◆ Your objective ◆
Lines from the one with "Salmonella Outbreak Linked" up to and including the one with "A procession of" are to be copied exactly from the records below, without their pictures.

◆ Data to use ◆
────────

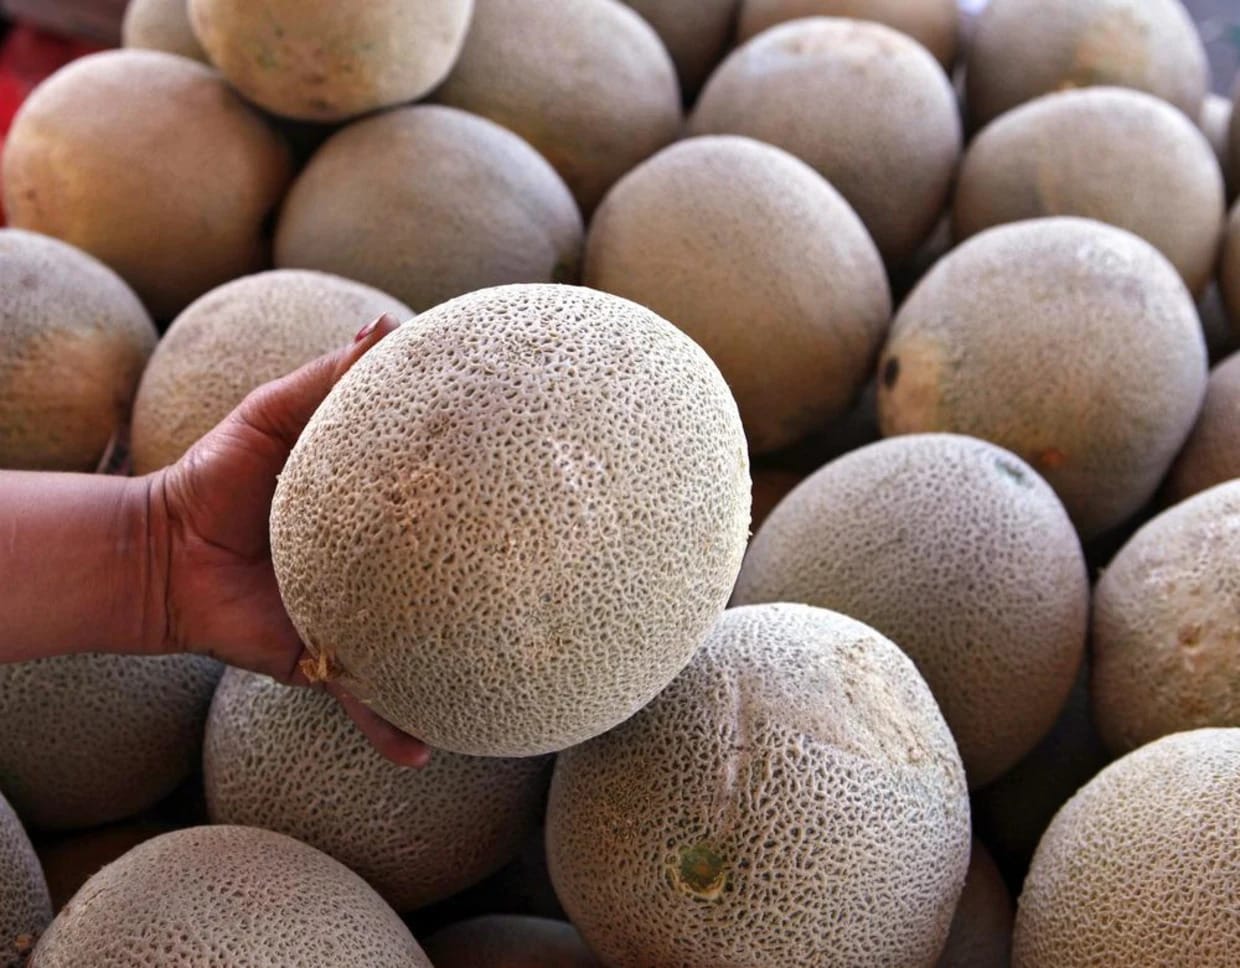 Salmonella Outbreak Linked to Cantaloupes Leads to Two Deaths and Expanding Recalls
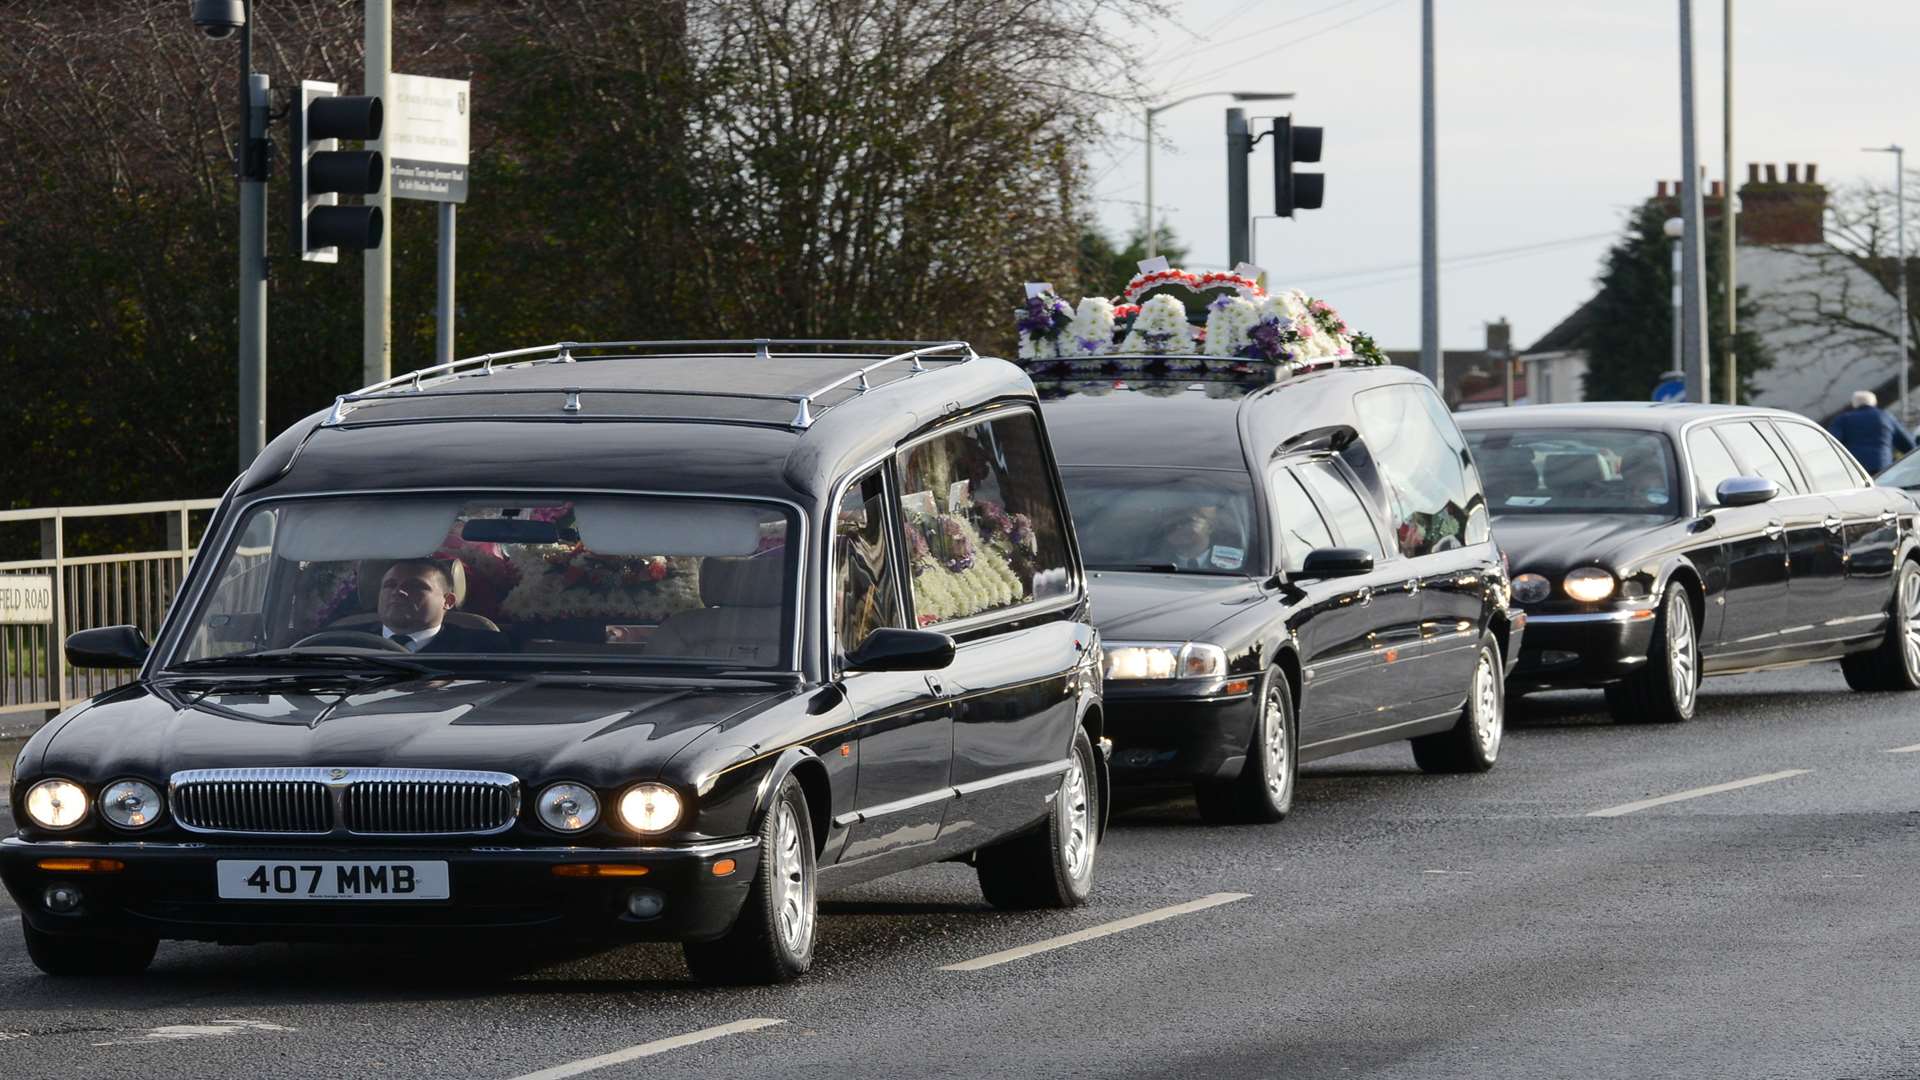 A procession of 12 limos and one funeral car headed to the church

────────

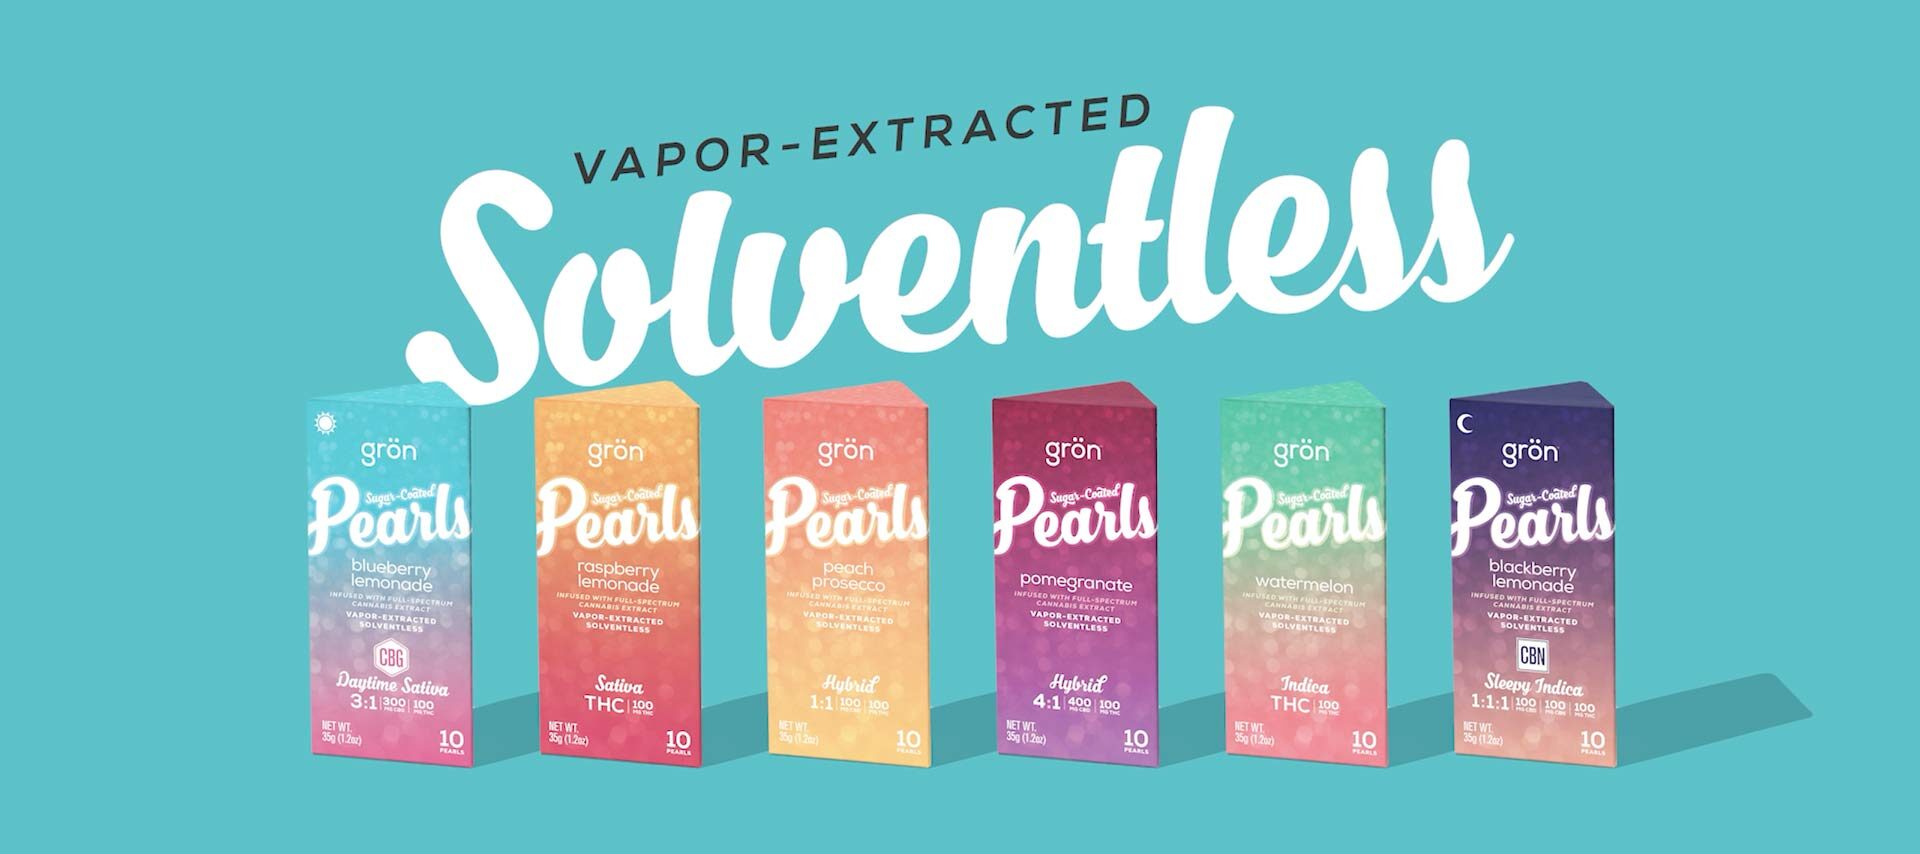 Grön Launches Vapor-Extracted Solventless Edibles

────────

◆ Task solution ◆
 Salmonella Outbreak Linked to Cantaloupes Leads to Two Deaths and Expanding Recalls
 A procession of 12 limos and one funeral car headed to the church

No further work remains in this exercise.